= Josef Rudolf Lewy =

Josef Rudolf Lewy (2 April 1802 – 19 February 1881) was a French-born horn player, and composer of music for the horn. During his career he lived in Stuttgart, Vienna and Dresden.

==Life==
He was born in Nancy, France, the younger brother of Eduard Constantin Lewy, who also became a horn player. Their father was a cellist in the ducal court of Zweibrücken. Josef had early musical training from his brother and, like his brother, he entered the Paris Conservatoire, where he studied the horn with Frédéric Nicolas Duvernoy.

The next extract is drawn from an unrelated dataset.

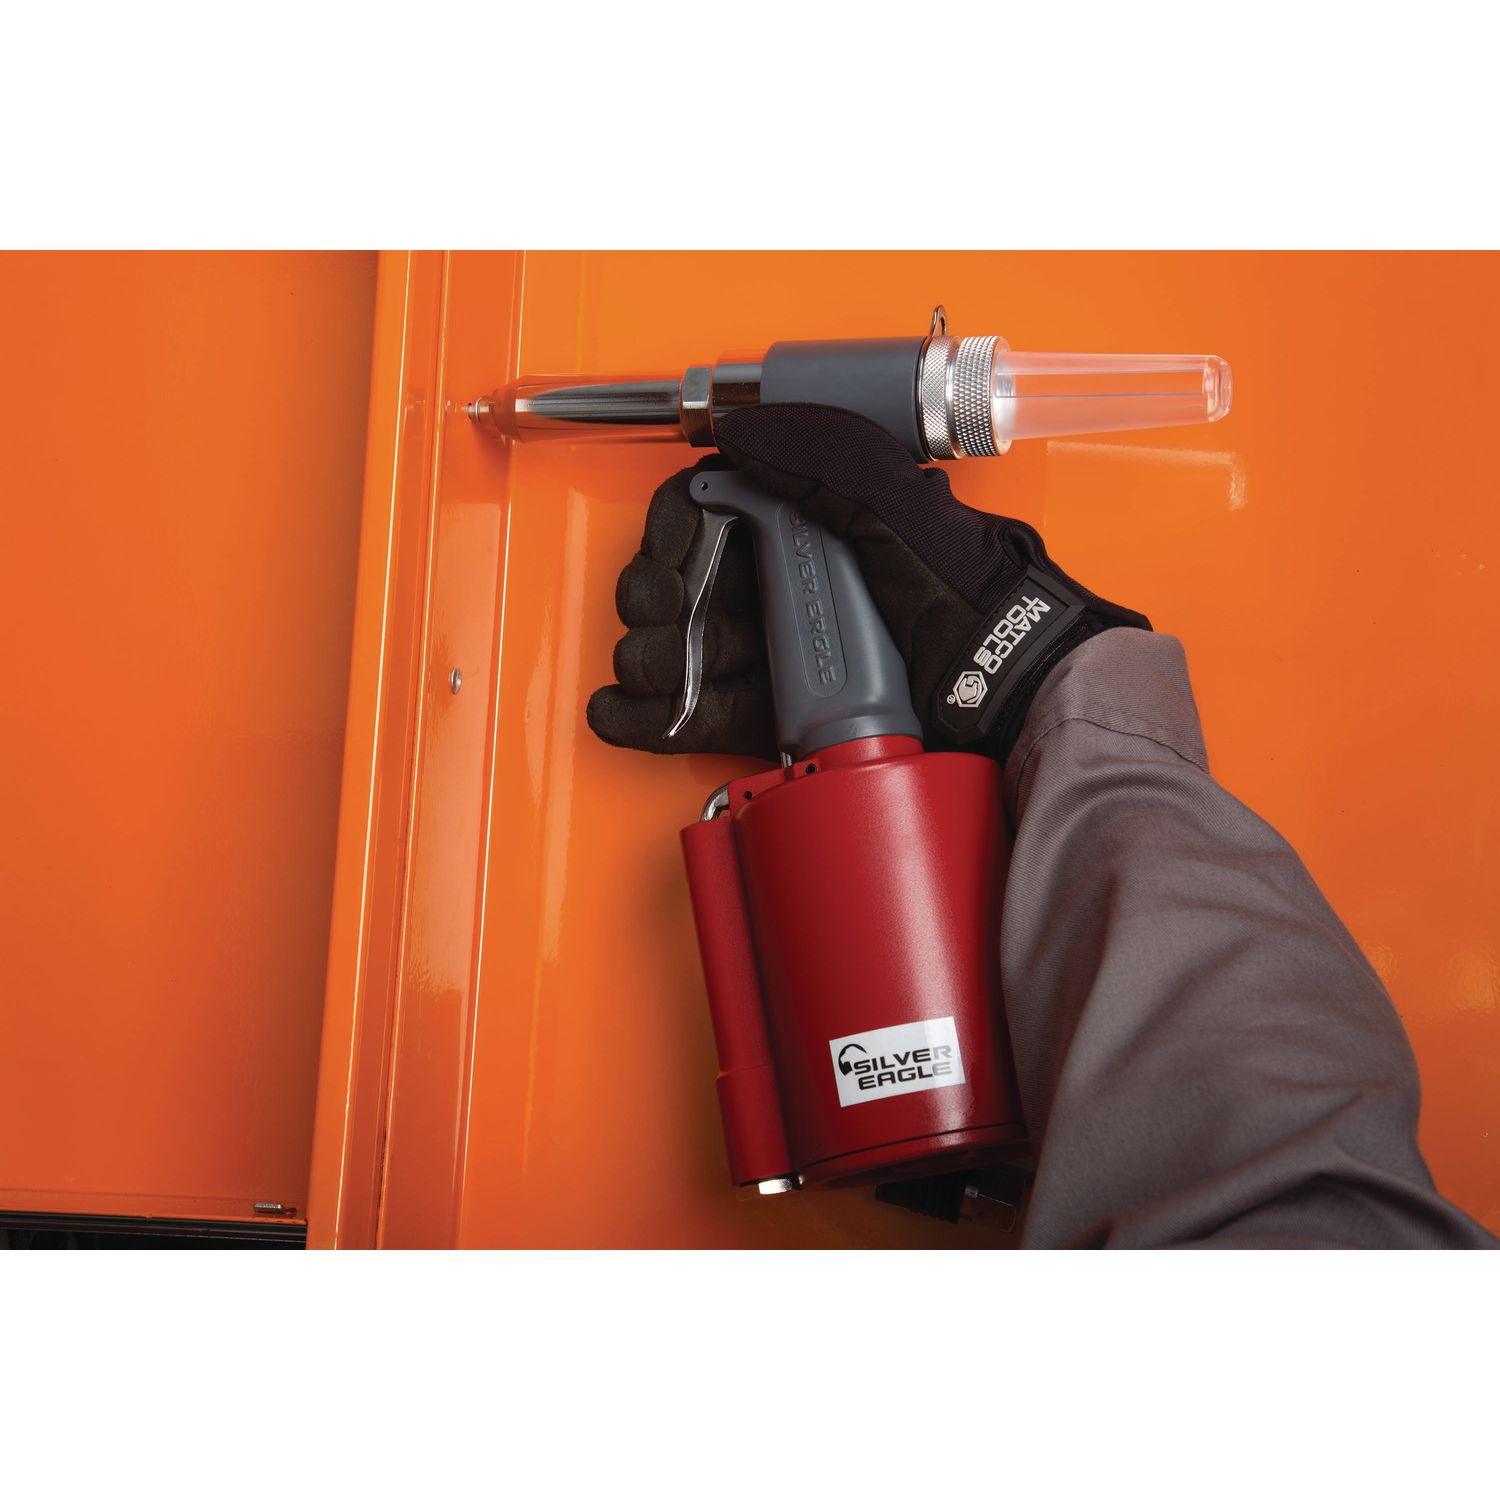 Mac Tools RG150K Hydraulic Rivet Gun Kit in Case for sale online
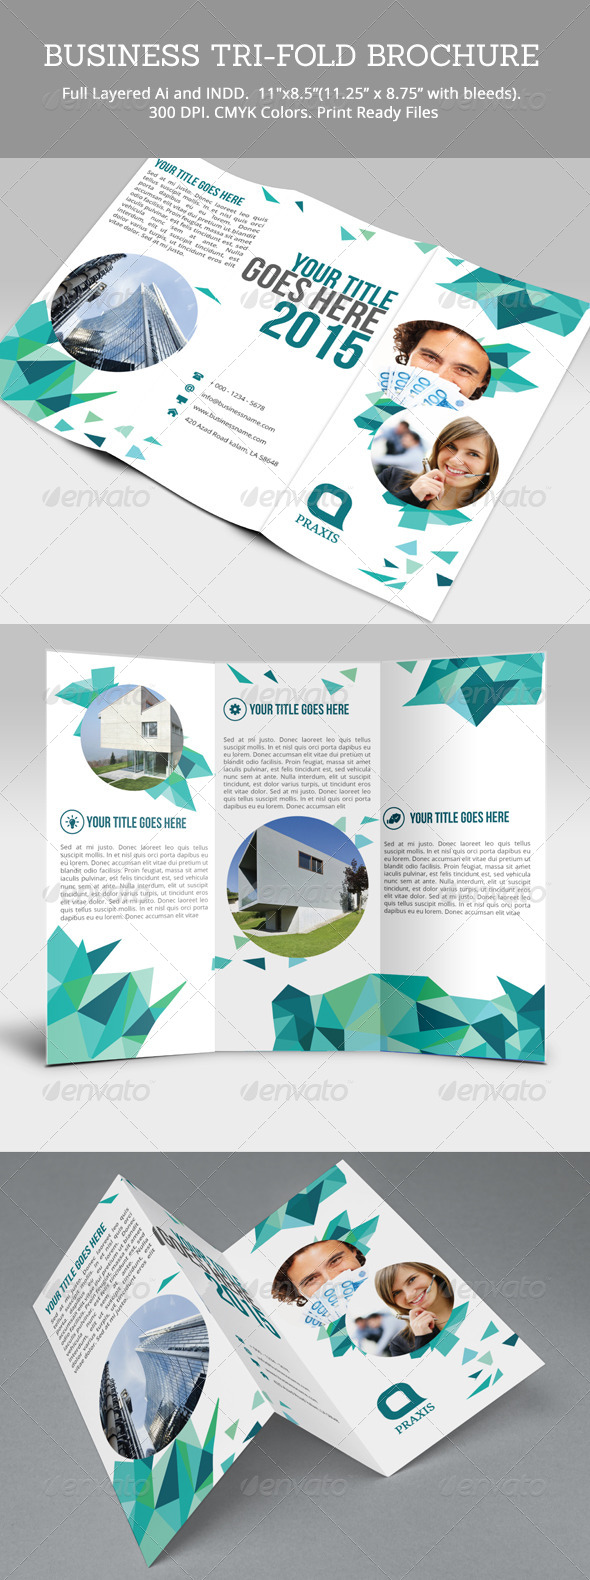 Business Tri-Fold Brochure (Corporate)

Around 1818, his brother secured Josef a position as a viola and horn player in the orchestra in Basel. Recommended by Peter Josef von Lindpaintner in 1819, he became a horn player in the Court Orchestra of Stuttgart. In 1826 he moved to Vienna, where he joined his brother in the orchestra of the Court Theatre.

In the 1830s he made concert tours in Germany, France, England, Sweden and Russia. From 1837 he played in the Court Orchestra of Dresden; he returned to Vienna in 1851, where he was director of the horn school at the Vienna Conservatory. He retired in 1858 to Oberlößnitz, near Dresden, where he died in 1881.

He composed works for horn and piano, including a set of twelve studies.